Shanghai will get six new subway lines and 286 kilometers (178 miles) of new rail, costing a planned total of 298.35 billion yuan, the National Development and Reform Commission said in statement (link in Chinese) on Wednesday. The projects are expected to be completed by 2023.
Hangzhou, a city about 160 kilometers southwest of Shanghai, will see two existing railways get expansions costing a planned total of 14 billion yuan, according to a separate statement (link in Chinese).
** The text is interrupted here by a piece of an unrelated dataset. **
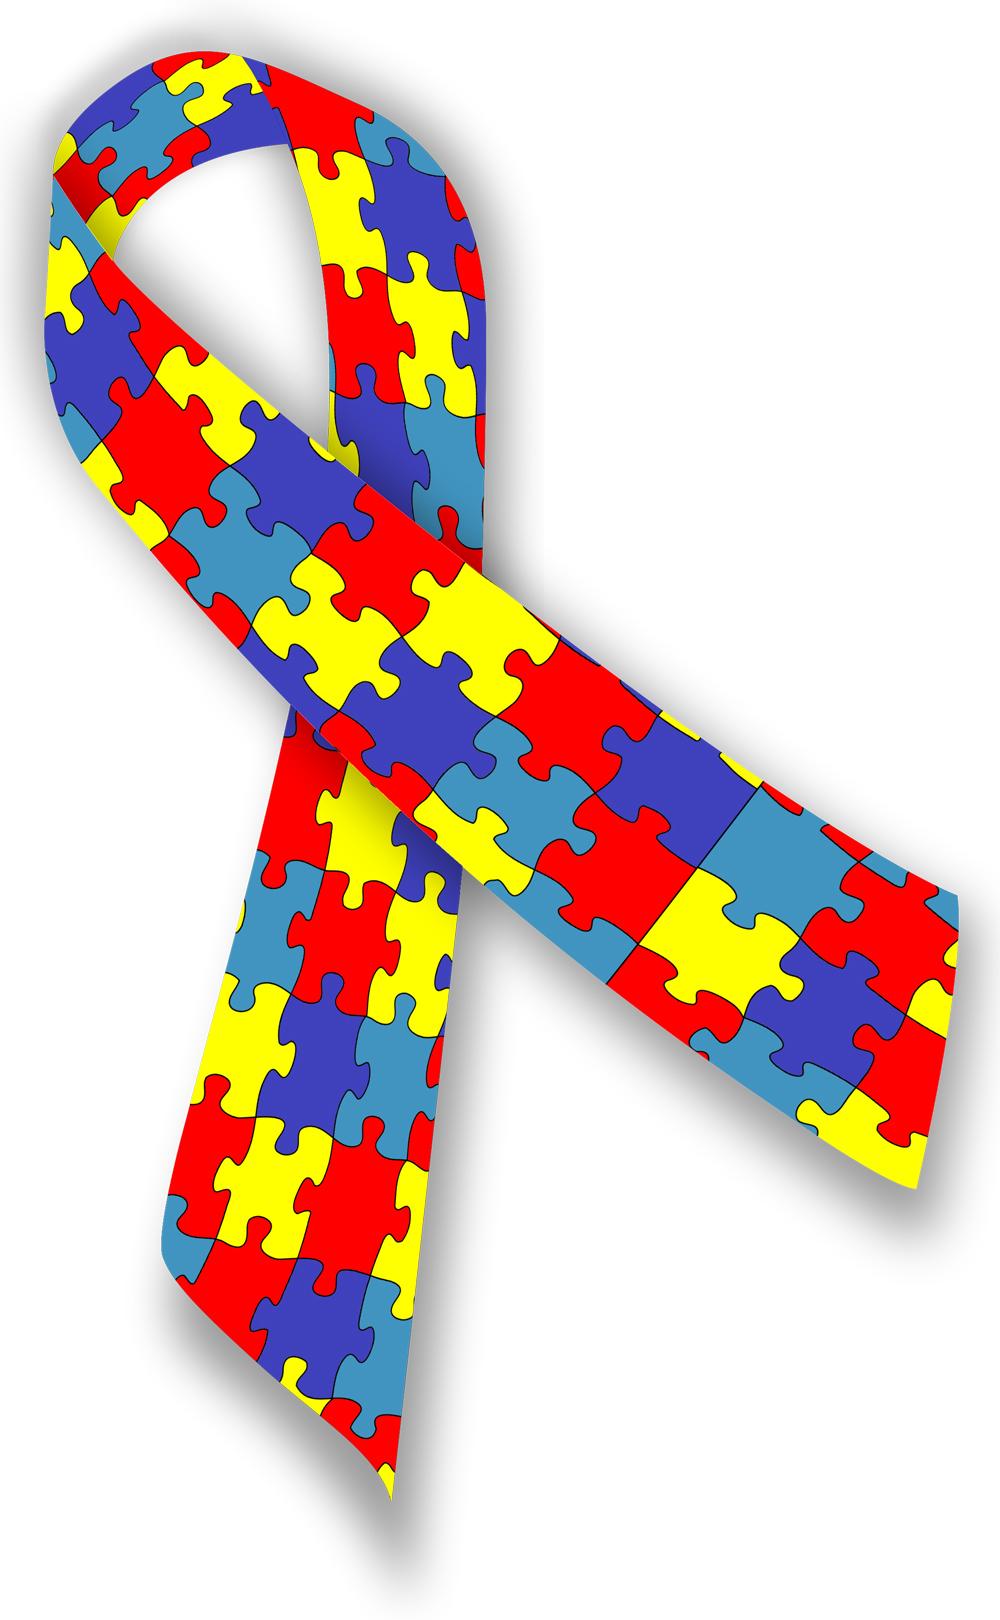 Autor/a: White_ribbon.svg: MesserWoland; Jigsaw_Puzzle.svg: Psyon; derivative work: Melesse (talk) Fuente: Wikimedia Commons

The commission also approved a new airport rail link for 41.98 billion yuan in the city.
This is the latest sign that policymakers are softening their push to restrict such projects, which came under the spotlight last year as part of Beijing’s broader efforts to rein in local governments’ debt-creating infrastructure investments.
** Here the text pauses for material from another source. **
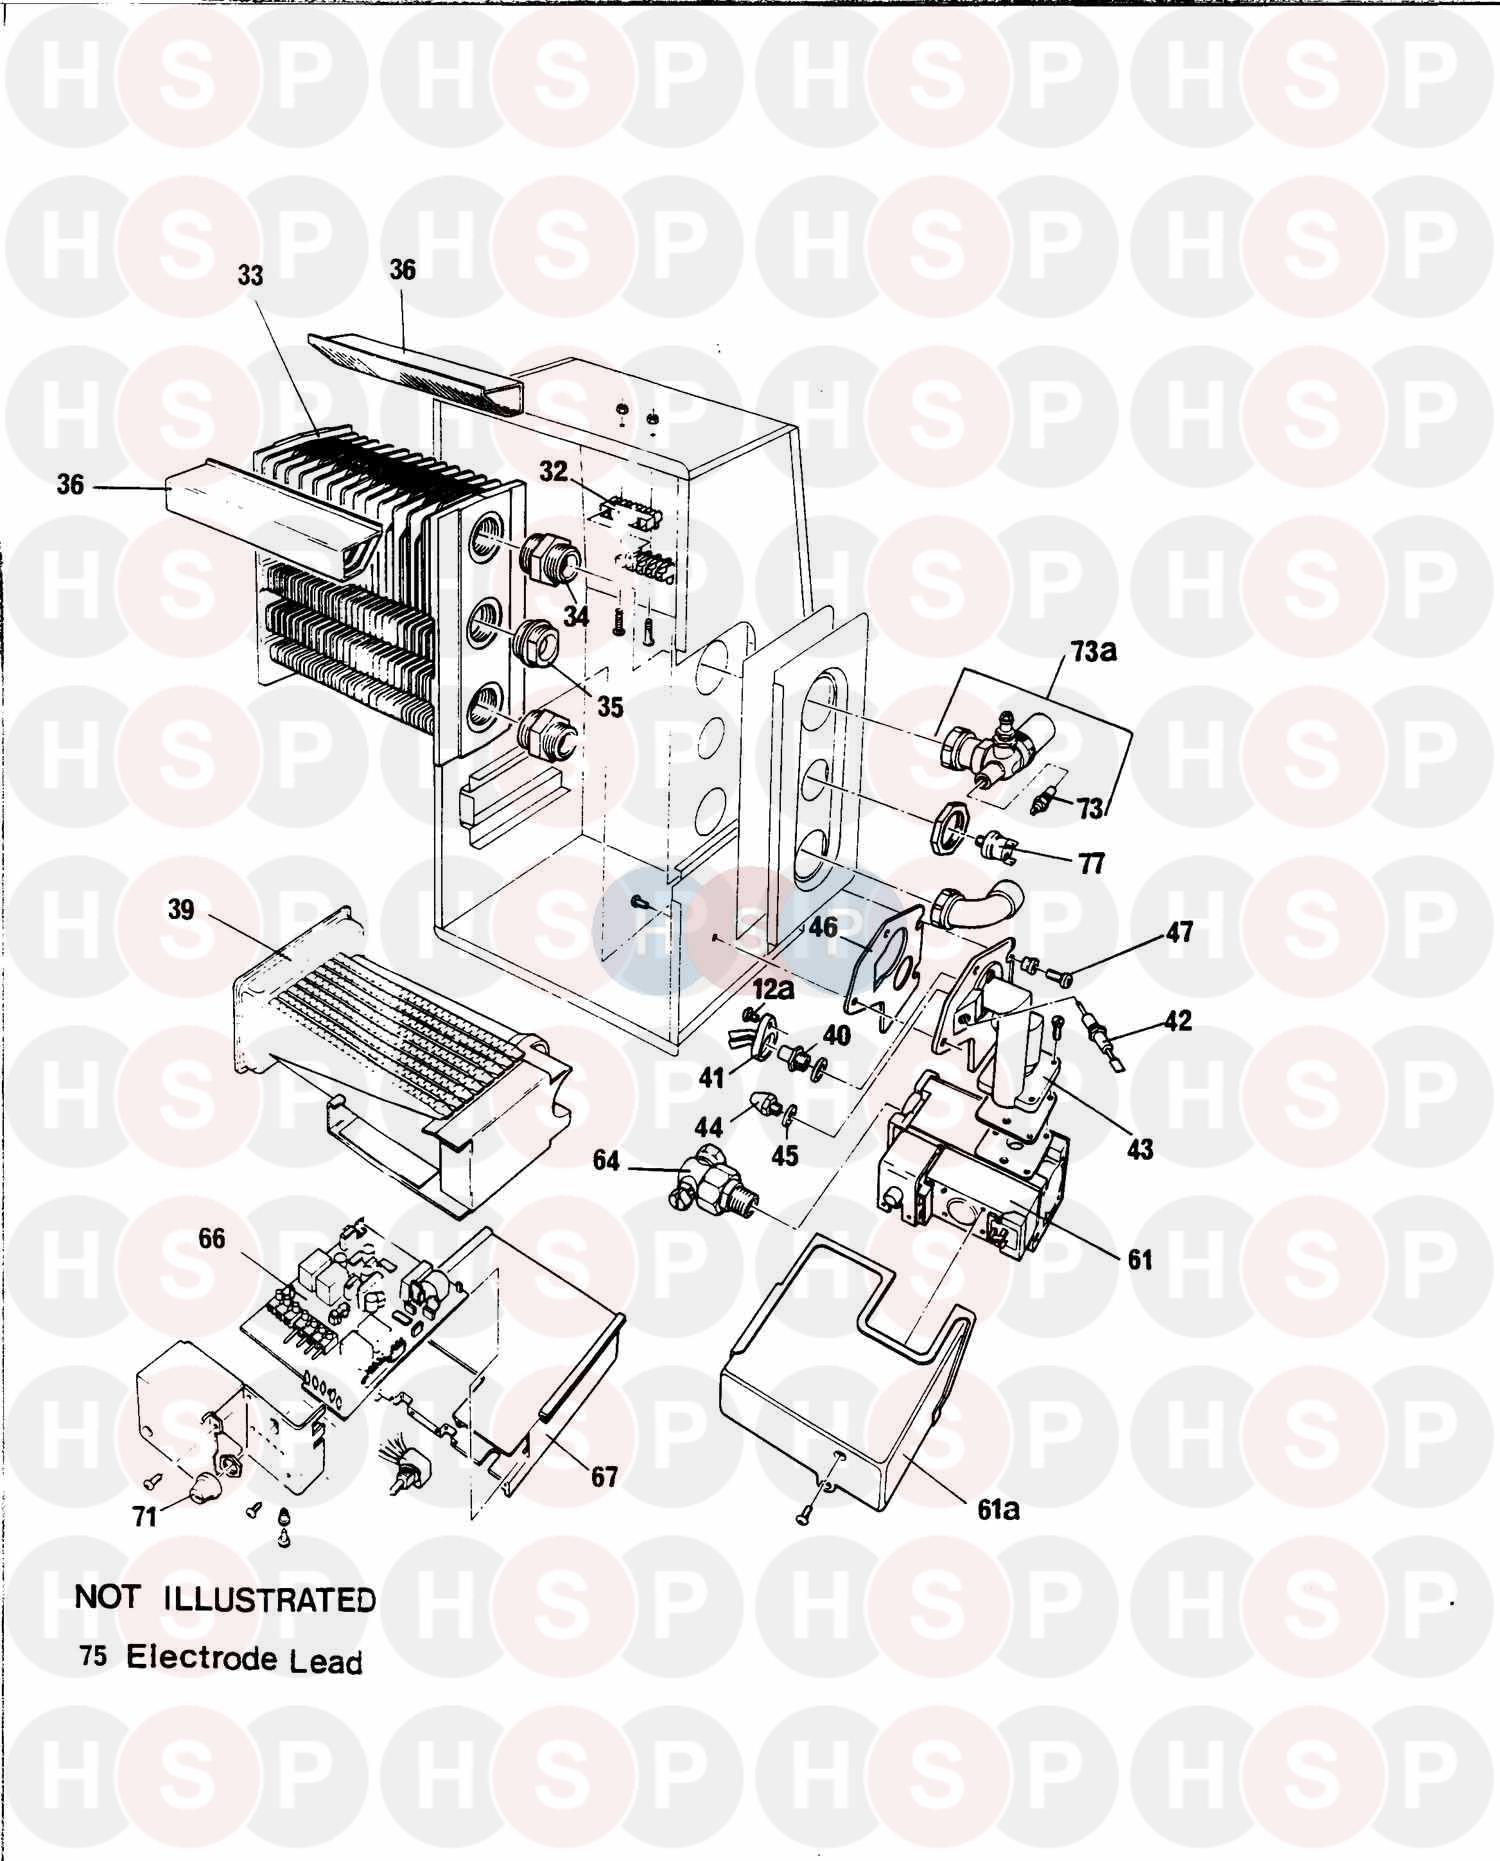 Baxi SOLO 2 PF 50 (Boiler / Combustion Box) Diagram

Last year, Baotou and Hohhot, both in North China’s Inner Mongolia autonomous region, scrapped plans for subway projects worth billions of dollars due to Beijing’s concerns about local government debt.
Even as recently as early July, the State Council, China’s cabinet, was still in austerity mode, as it rolled out new rules raising the financial bar on fiscal revenue and gross domestic product that cities must have to qualify for new subway and light rail projects.
However, the deleveraging campaign, along with the trade war with the U.S., has put pressure on the Chinese economy, propelling Beijing toward a more-active fiscal policy.
In late July, a meeting convened by the State Council unveiled a package of pro-growth policies, including a 1.35 trillion yuan spending plan for local government infrastructure projects.
China’s subway investment spree in recent years mirrored those of high-speed railways. As of this month, China has a total of 127,000 kilometers of tracks, of which 20% are high-speed lines.
This investment-led development has led to the national rail operator, China Railway Corp., accumulating as much as 5.04 trillion yuan in debt as of early this year.